Chair of the Grantham Research Institute on Climate Change and the Environment, Lord Stern has called on researchers to ‘radically improve’ the economic models used to estimate the costs of climate change, claiming that ‘the world deserves better’.

His comments, published in the journal Nature yesterday (24 February) state: “Current economic models tend to underestimate seriously both the potential impacts of dangerous climate change and the wider benefits of a transition to low-carbon growth. There is an urgent need for a new generation of models that give a more accurate picture.”

Lord Stern used the Intergovernmental Panel on Climate Change’s (IPCC) Fifth Assessment Report to acknowledge the challenges that researchers face when attempting to estimate the global economic impacts of climate change.

He states that existing models fail to account for tipping points and catastrophic repercussions – such as rising sea levels and permafrost thawing – when estimating climate costs.

Stern’s warning

The article states: “It is these hard-to-predict impacts that are the most troubling potential consequences of inaction. The next IPCC report needs to be based on a much more robust body of economics literature, which we must create now. It could make a crucial difference.”

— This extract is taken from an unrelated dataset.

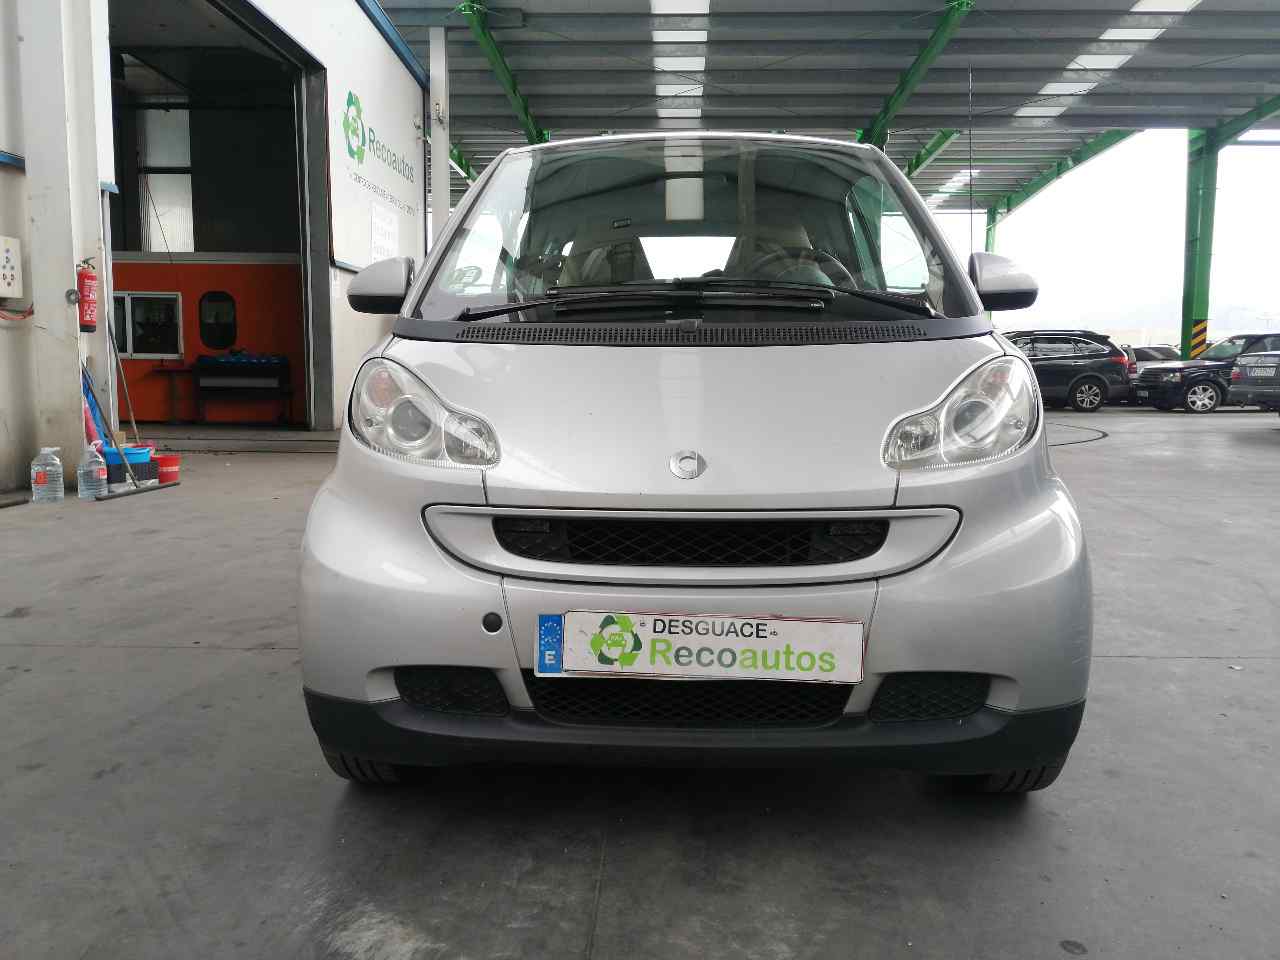 SMART Fortwo 2 generation (2007-2015) Other Control Units A4518200026, 5WK11517ABF, SIEMMENSVDO 24139247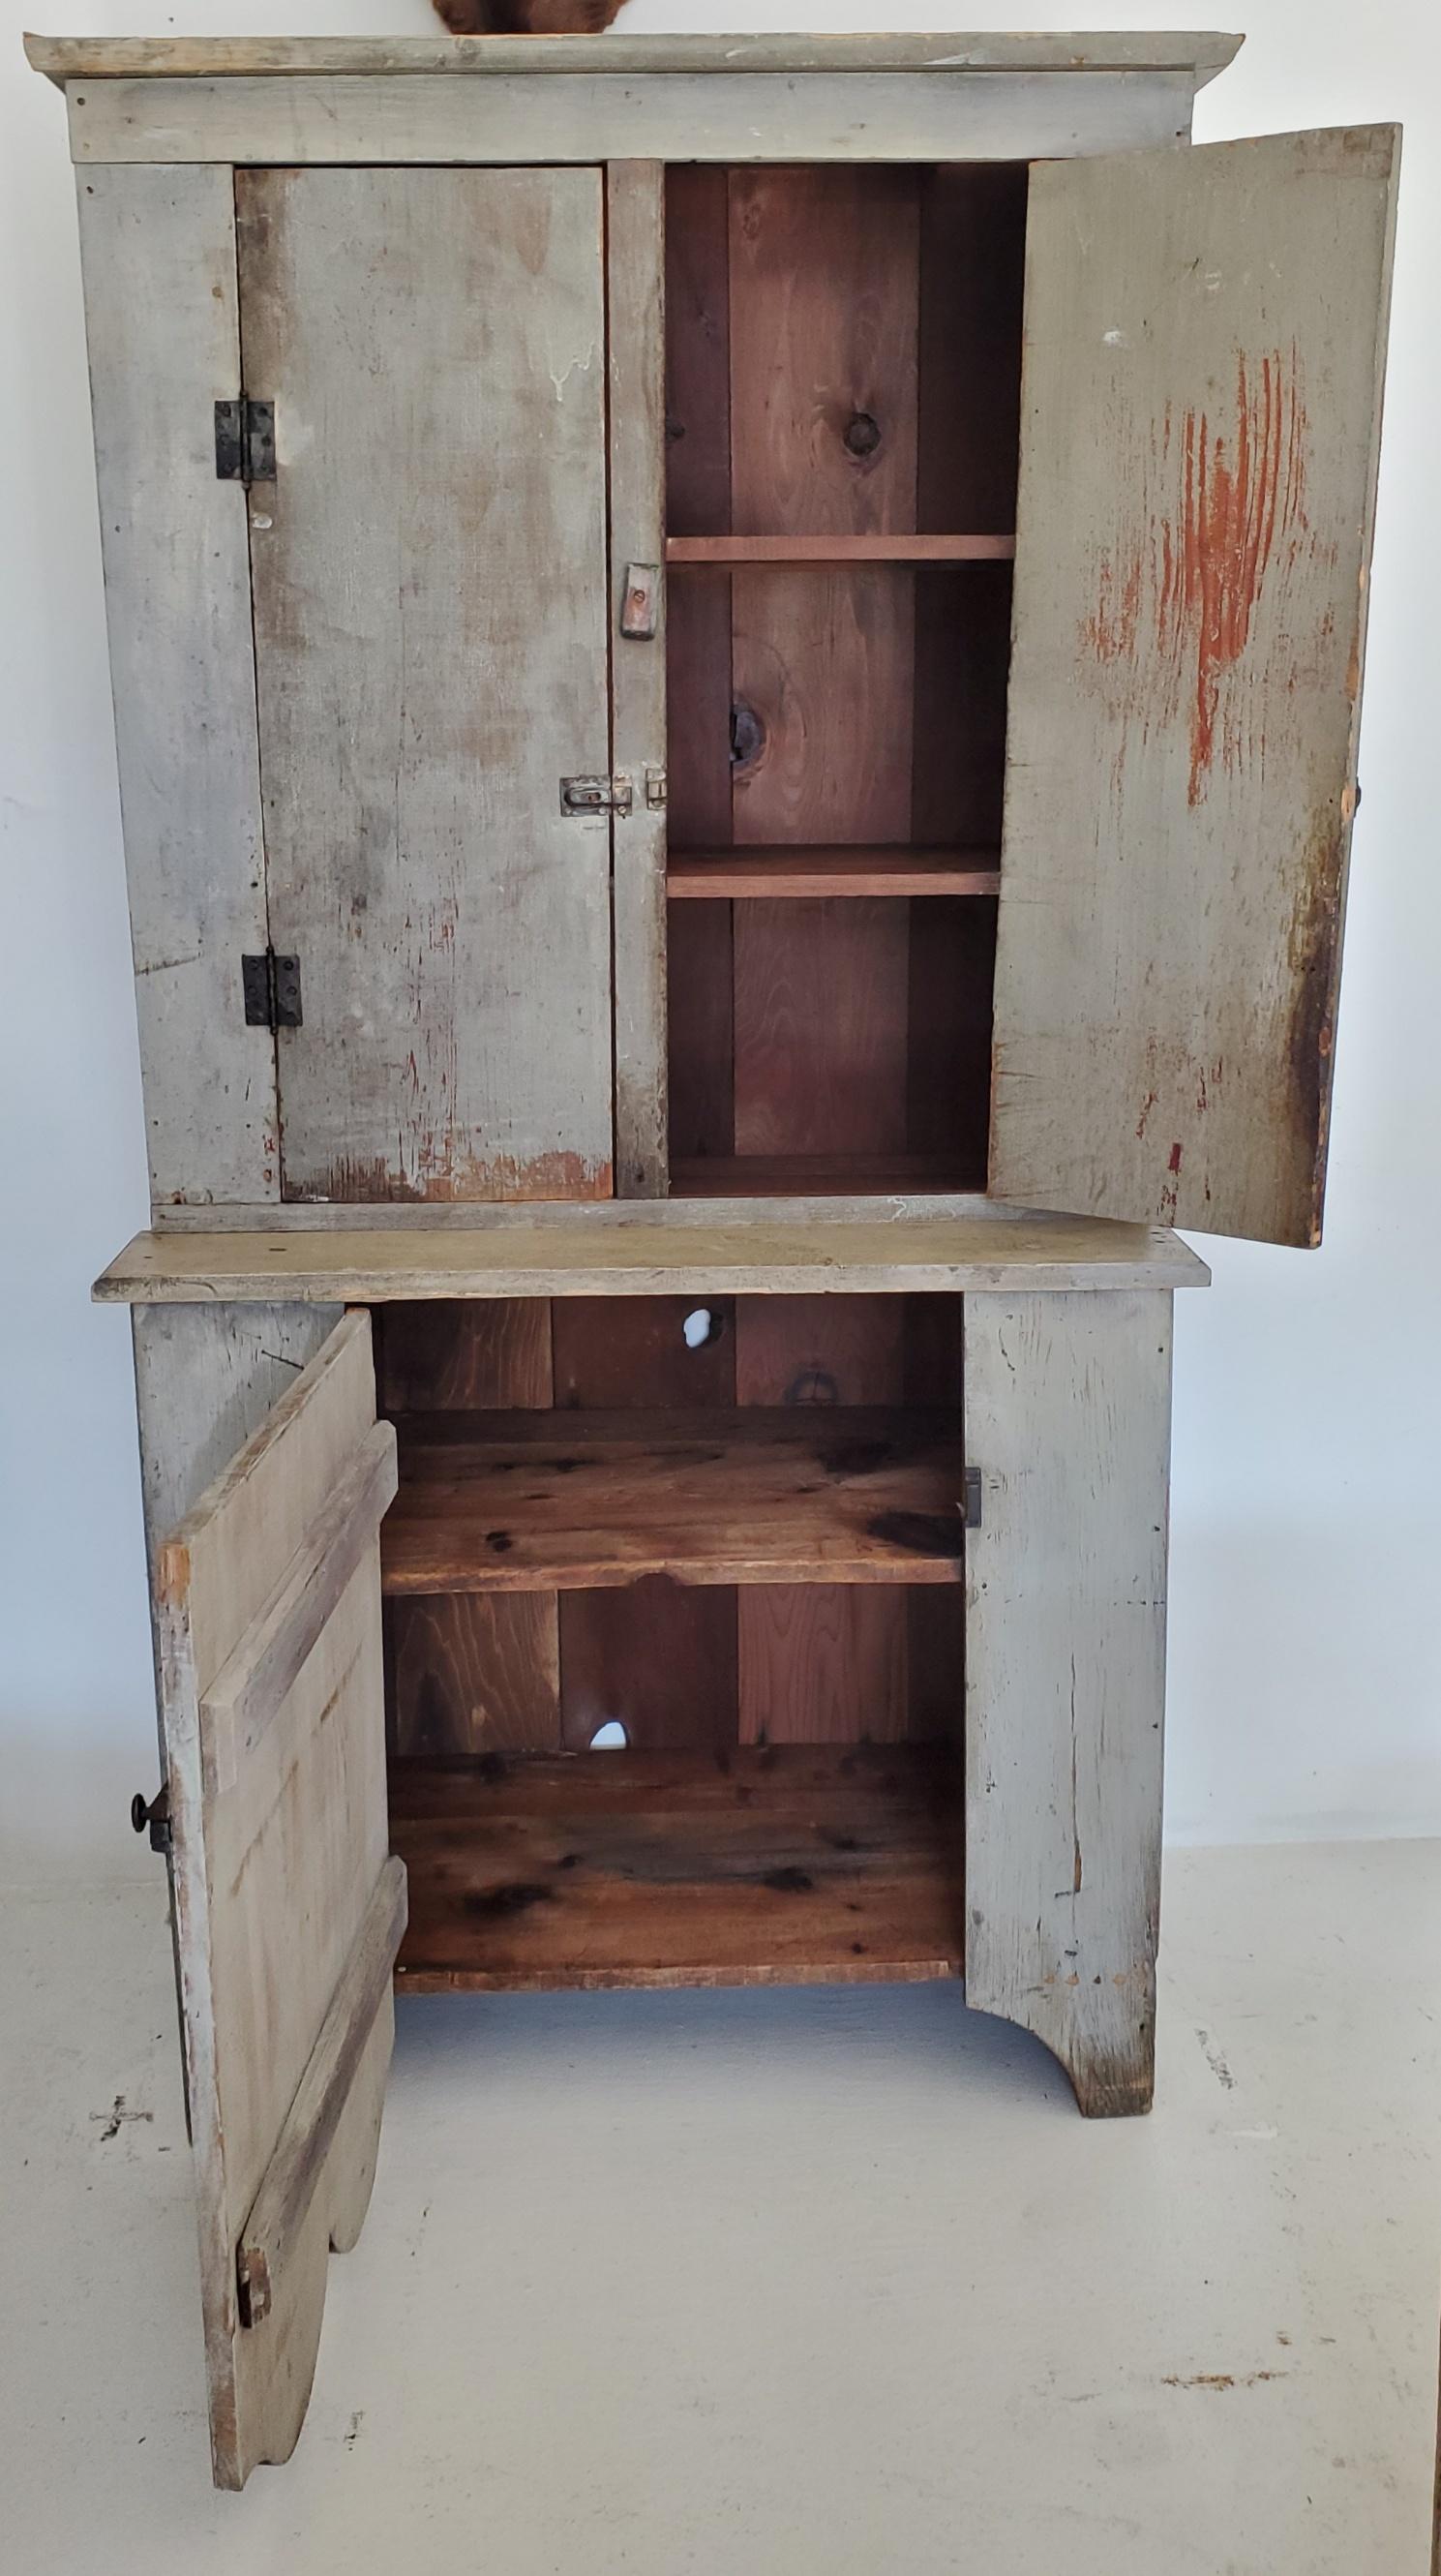 19thc original blue painted wall cupboard from Tennessee. The hardware is all original and looks straight off the farm. Condition is good with wear to the paint and edges.

Lord Stern also warned that policy makers have been left misguided by these models which suggest that fossil fuels can be consumed in greater quantities without any negative consequences to economic growth.

According to Stern the Paris Agreement could also be nullified unless ‘incremental improvements’ to economic models are introduced.

Stern calls on new models to be introduced which highlight the ‘damage functions’ of economic losses in relation to climate change. These include dynamic stochastic computable general equilibrium (DSGE) models to account for future uncertainties and agent-based models (ABMs), which are widely used in the finance sector.

The article states: “Now, a concerted effort is required by the research community to explore as many potential avenues as possible to better estimate the costs of action and inaction on climate change.

“The IPCC should distil what policy-makers need to inform their decision-making. Learned societies and national academies must bring together researchers from a wide range of relevant disciplines to focus attention on improving economic modelling quickly.

“There is huge potential in future technologies that can drive change. These are omitted or badly underestimated in our current climate modelling — deeply damaging to our guidance for policy-making. The well-being and prosperity of future generations are worth more.”

Lord Stern has previously warned that the pledges made by major international emitters ahead of the Paris UN conference were not strong enough to limit global warming to 2C.

After the New Climate Economy (NCE) asserted that carbon pricing can significantly reduce emissions without harming the global economy, Stern stated that the ‘time was right’ to introduce carbon prices and reform fossil fuel subsidies.